「デートDVの実態とは? 「無理矢理キス」「全額おごって」も該当」という記事をハフィントンポストが3/13に掲載した。DV、ドメスティックバイオレンス=家庭内暴力にデートをくっつけた”デートDV”という言葉にも矛盾を感じるが、それはそれとしてこの記事を読んだ感想は、例として挙げられていることをそのまま受け止めたら、男女関係(男男・女女などの関係の場合もあるが便宜上男女関係と表現する)かどうかに限らず、他人と関わることが嫌になりそうだということだった。
婚姻を伴うか否かに関わらず男女関係において、様々な形態の暴力と表現するに足りるような問題があることは確かだが、この記事の伝え方はネガティブな面ばかりに注目し過ぎていると思う。デートDVという問題が起きる前にそのことについて知っておいて欲しいという意識でこのような記事になっているのだろうが、コミュニケーション能力の低下だとか、恋愛や異性などに興味を持たない若者が増えている現状だとか、それに伴う少子化だとか、現在の日本社会が抱える別の問題に対しての影響を考えれば、この記事の挙げている例の中には”無理やり”とか”○○したくないのに”などとしているものもあるが、少し過敏に強調された懸念を挙げているようにも思う。
人間関係とは自分ではない人と築くものなので、考え方が対立する場面がどこかで必ず出てくる。そういったとことを含めない人間関係なんて、実際には上辺だけの関係で恋愛や友人関係なんて言えるような関係ではないと個人的に思う。そういったものを乗り越えられなければ”互いに尊重し合う”なんて関係にはなれないとも思う。もちろん度を越えて一方の考えを強要する・されるような関係は、それはそれで問題だろうが、それを懸念するあまりに全ての他人と距離を置くとか、考え方の違う人間とコミュニケーションを避けるようになってしまったら、ある意味”健全な社会”とは言えなくなってしまうのではないかと思う。この記事の表現では読んだ若者の一部をそういう状況に向かわせてしまうかもしれないと感じた。
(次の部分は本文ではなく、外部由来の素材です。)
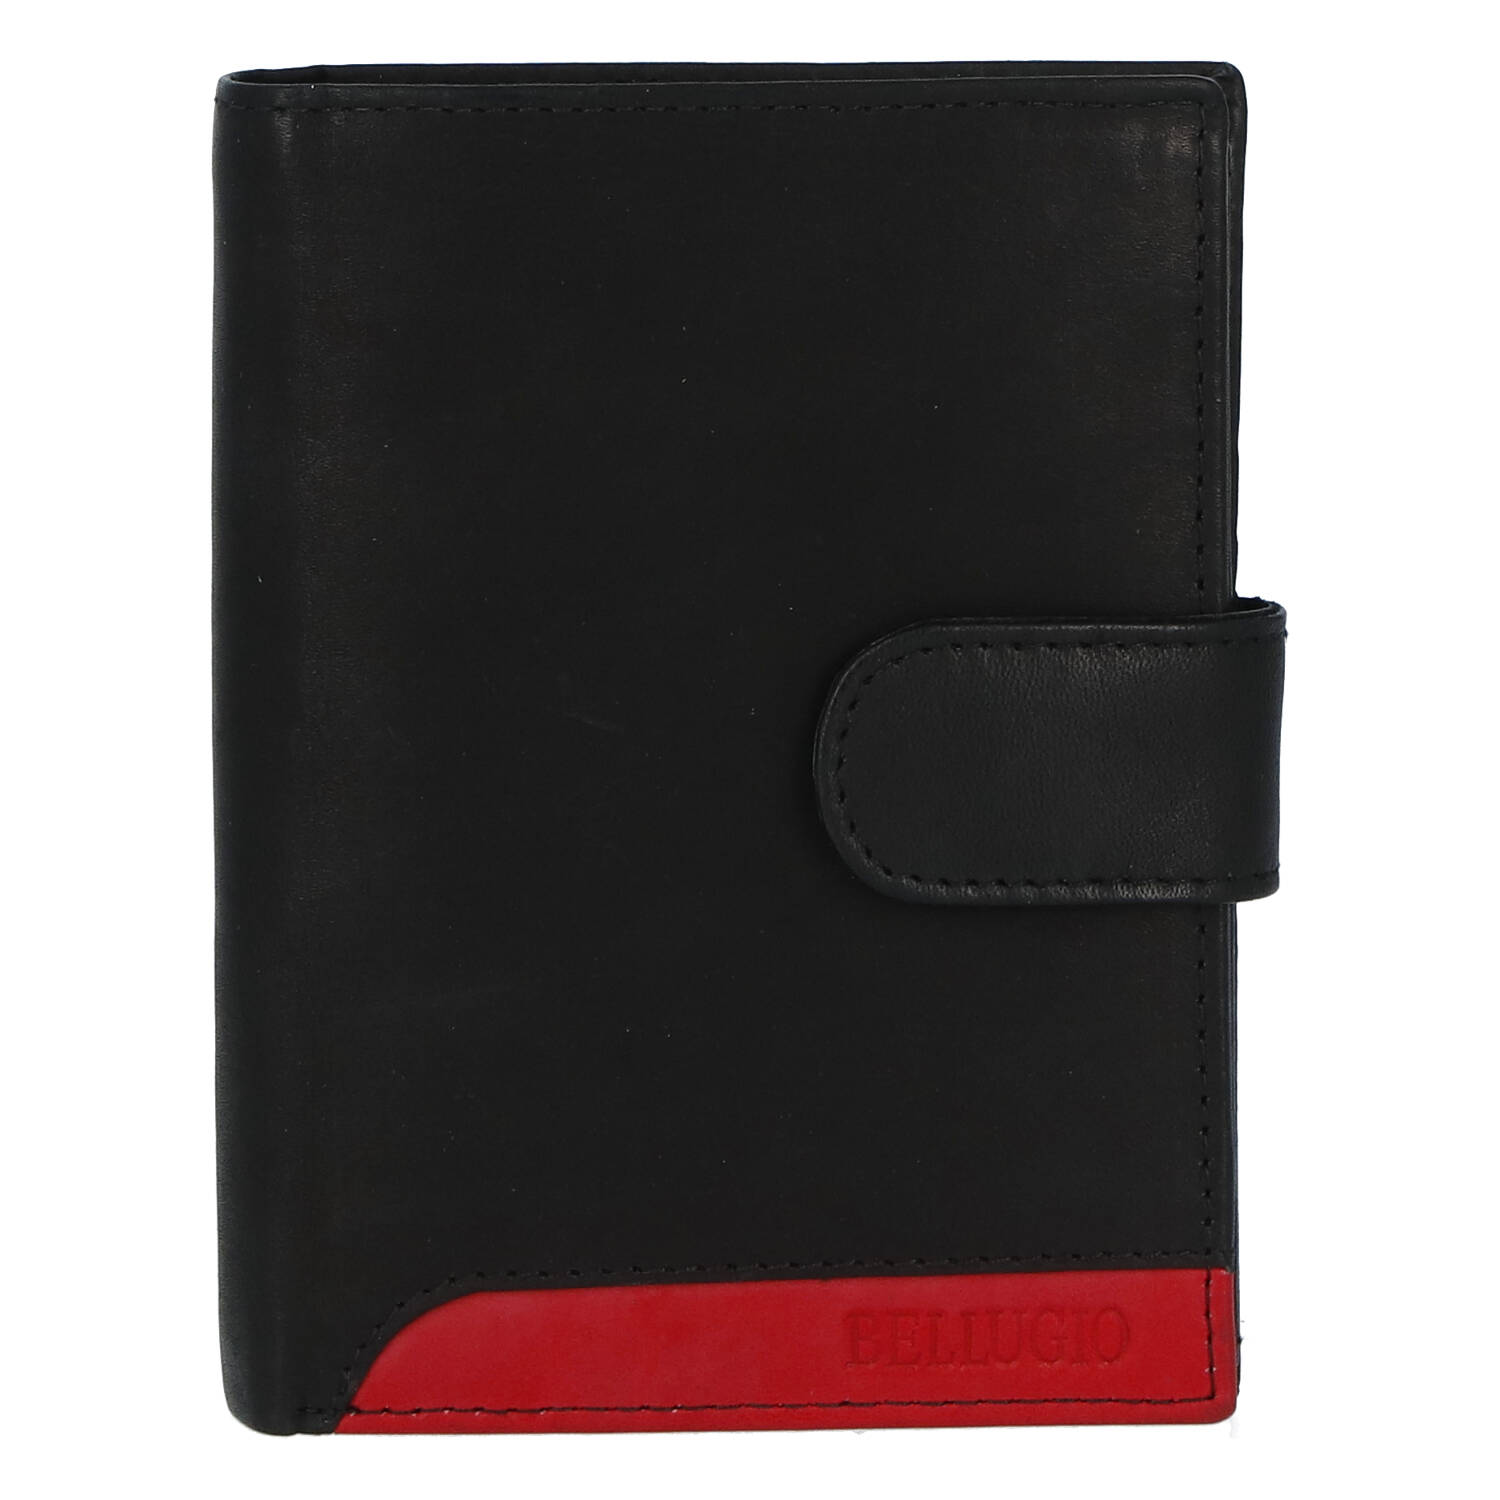 Praktická pánská kožená peněženka s barevným logem Margita, černá/červená
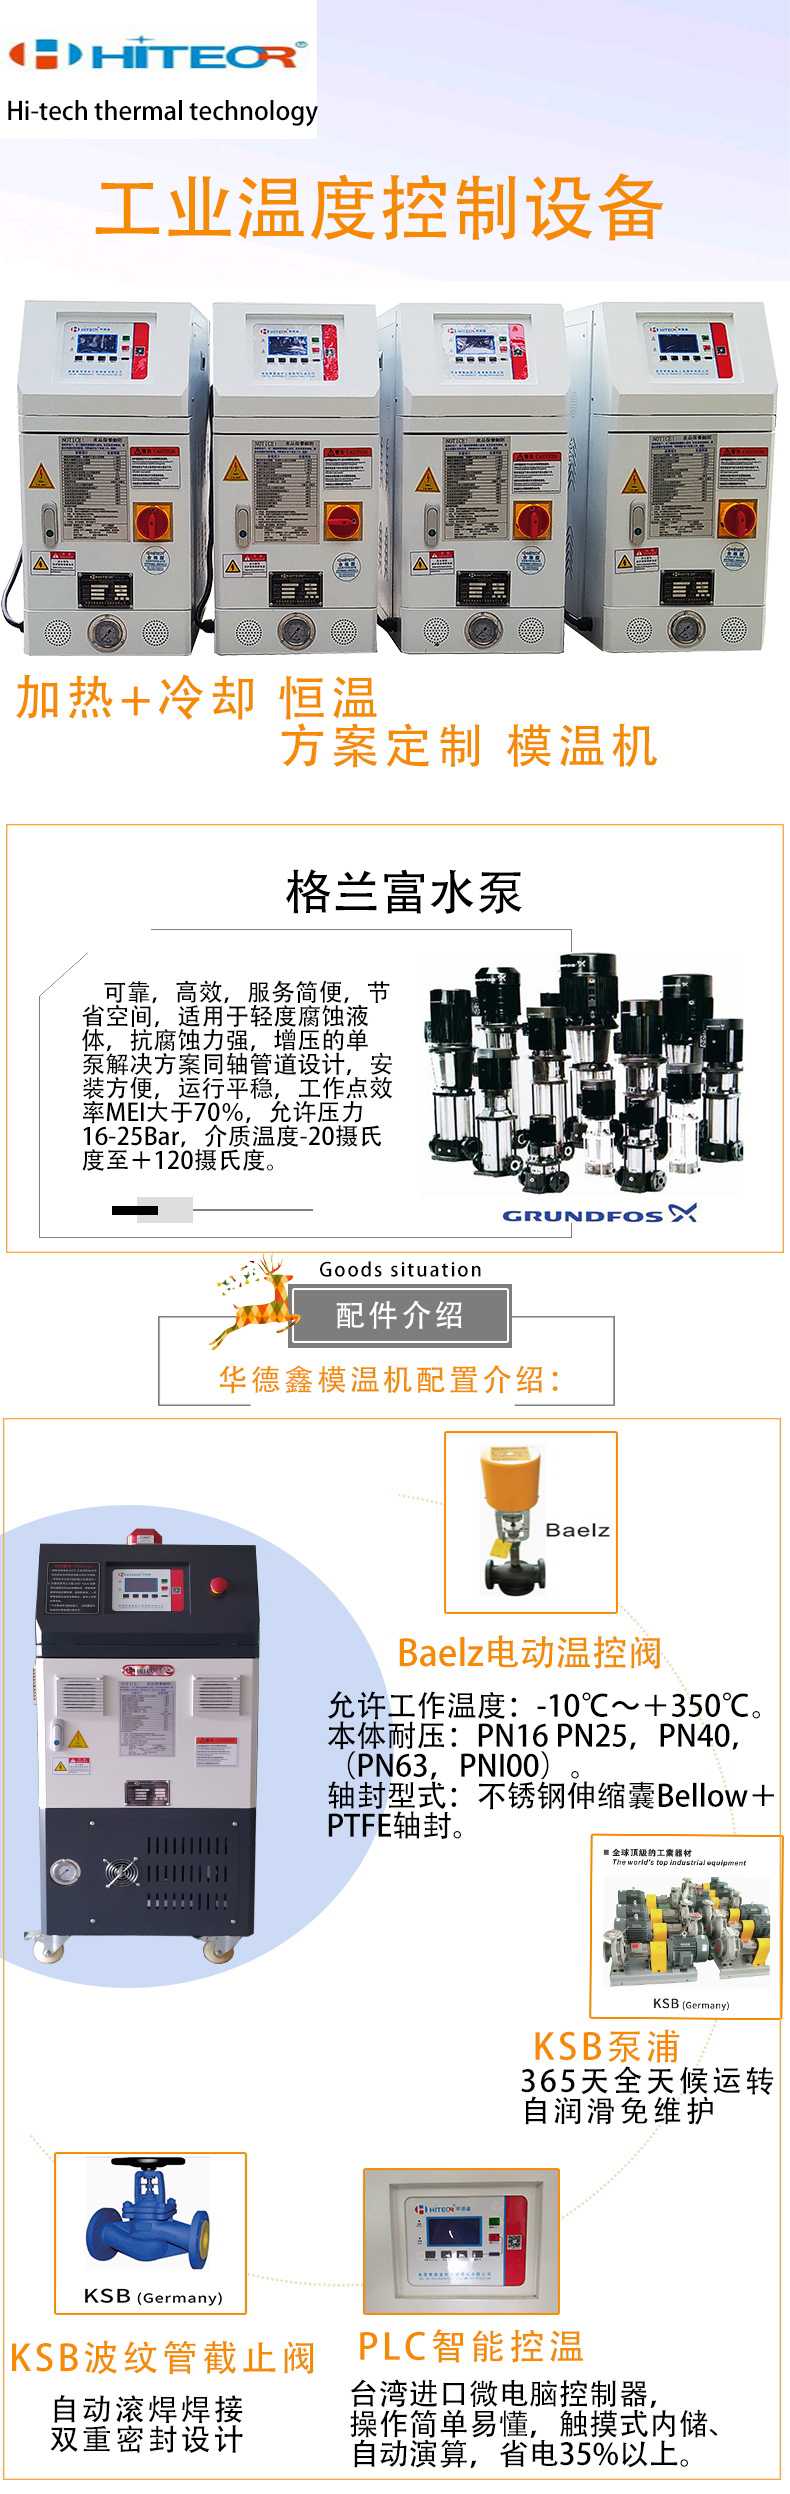 Mold temperature machine, mold oil heater, mold temperature water heater, plastic molding 130 degree dual temperature water temperature machine, Huadexin

記事は被害を防ぐためにどうするべきかということで締めくくられているのだが、個人的には、その点が記事内で最も重要な点として扱われているようには感じられず、記事の見出しを「デートDVの実態とは? 「無理矢理キス」「全額おごって」も該当」としていることが物語っているように、結局デートDVの恐怖を煽るだけになってしまっているように感じられるのが残念だ。